If you ask me, the Columbus Blue Jackets didn’t do a whole lot this summer to improve a team that fell well short of making the playoffs in 2009-10. You can blame a weak free agent market or a lack of cash all you want, but the bottom line is that the team doesn’t look very different.
So it seems that GM Scott Howson & Co. are hoping that a new coach (Scott Arniel) and internal improvement will get the job done. Perhaps they can increase their overall optimism in at least one player - former defector Nikita Filatov - as the Russian prospect arrived in the U.S. a few weeks before training camp to get acclimated. Aaron Portzline of the Columbus Dispatch provides the story.
Left winger Nikita Filatov has informed the Blue Jackets that he’ll arrive in Columbus on Wednesday, the Dispatch has learned, giving him roughly six weeks to get acclimated before the start of training camp.
Blue Jackets GM Scott Howson confirmed Filatov’s travel plans.
This will almost certainly delight the Blue Jackets coaches, players and executives, who sent development coach Tyler Wright to Russia last month to evaluate Filatov’s workout routine and gauge his feelings heading into the 2010-11 season.
And it confirms Filatov’s comments to the Dispatch shortly after Wright’s visit, that he would arrive the first week of August.
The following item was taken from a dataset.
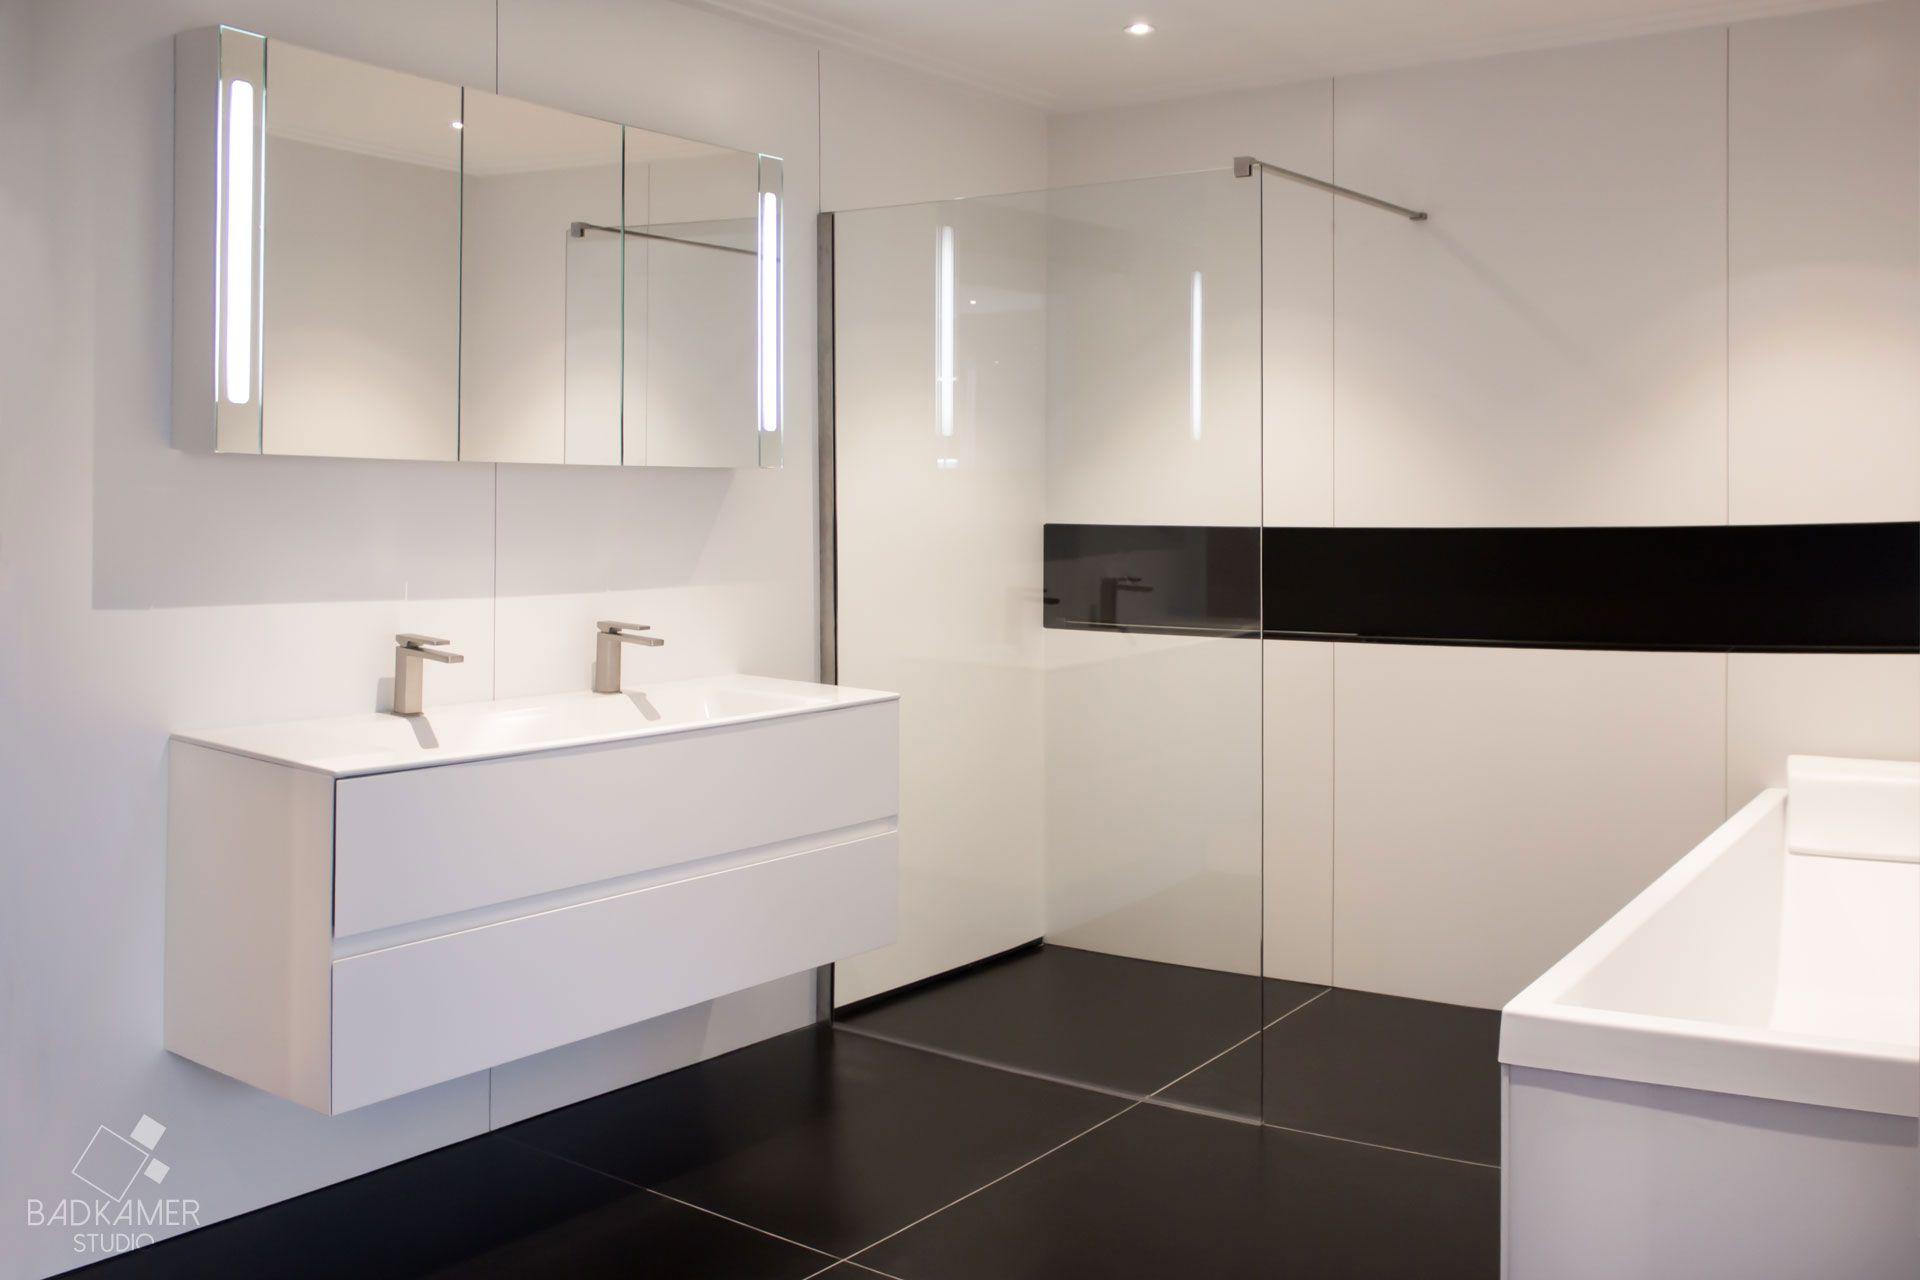 Kleine Badkamer Tegels : Image result for lichte tegels kleine badkamers badkamer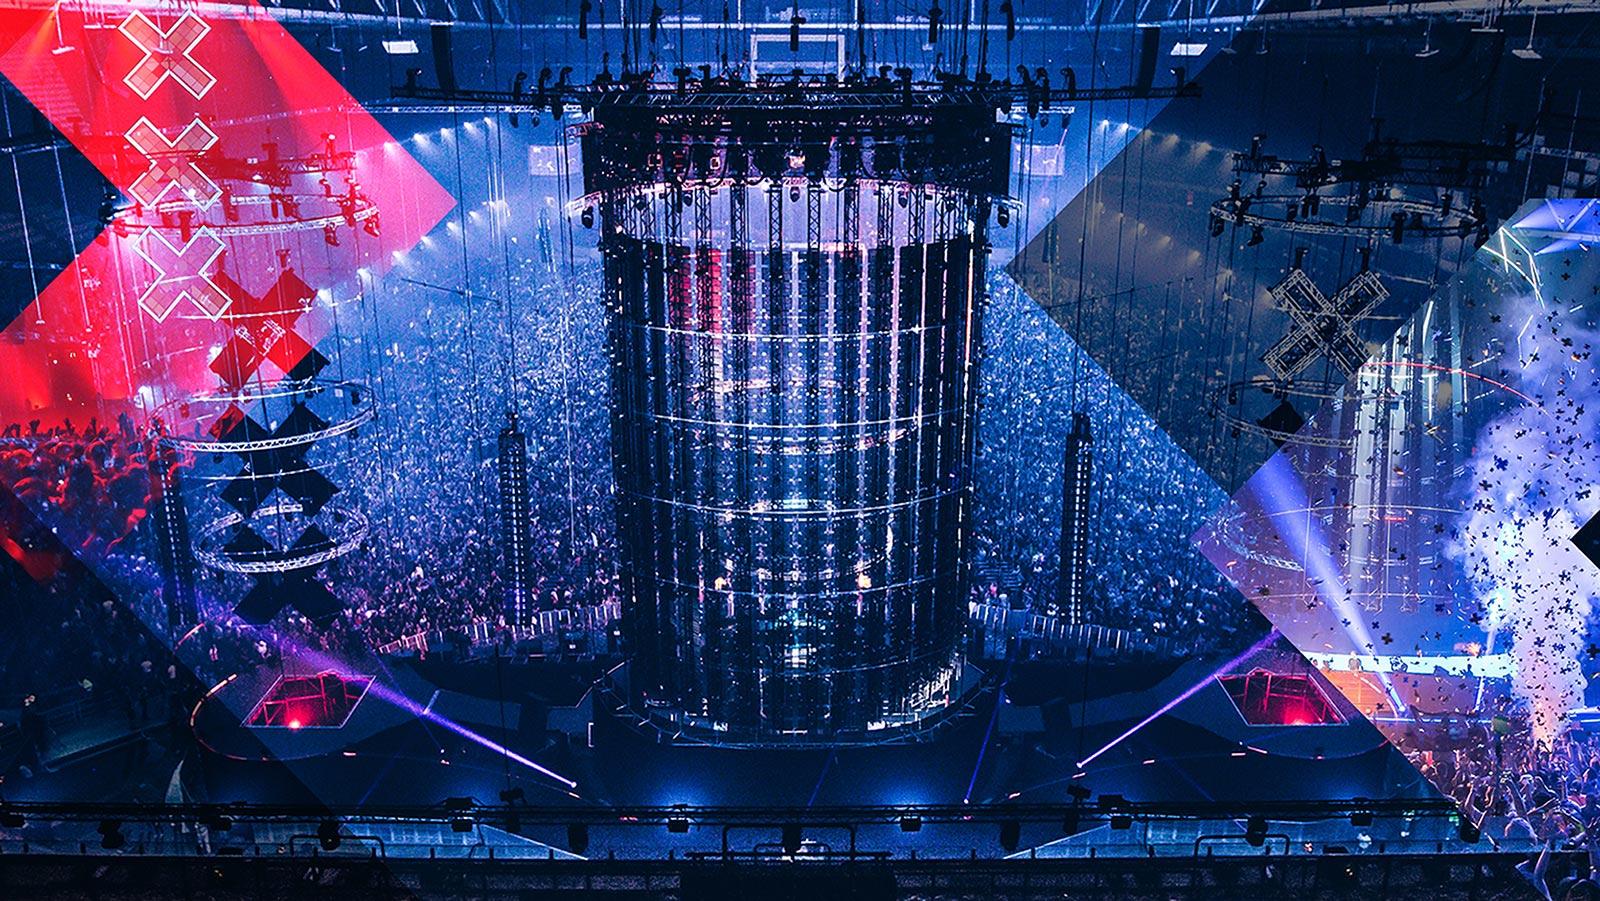 События и фестивали в Европе 2017  2018

It will be interesting to see what Arniel will make with what seems like an unshaped mass of clay posing as a hockey team this season. The group isn’t well-stocked with high-end offensive talent beyond face-of-the-franchise Rick Nash and notoriously fragile center Derick Brassard, so the Blue Jackets must hope against hope that Filatov can “figure it out” this summer. Arriving early and with a good attitude would be a great first step.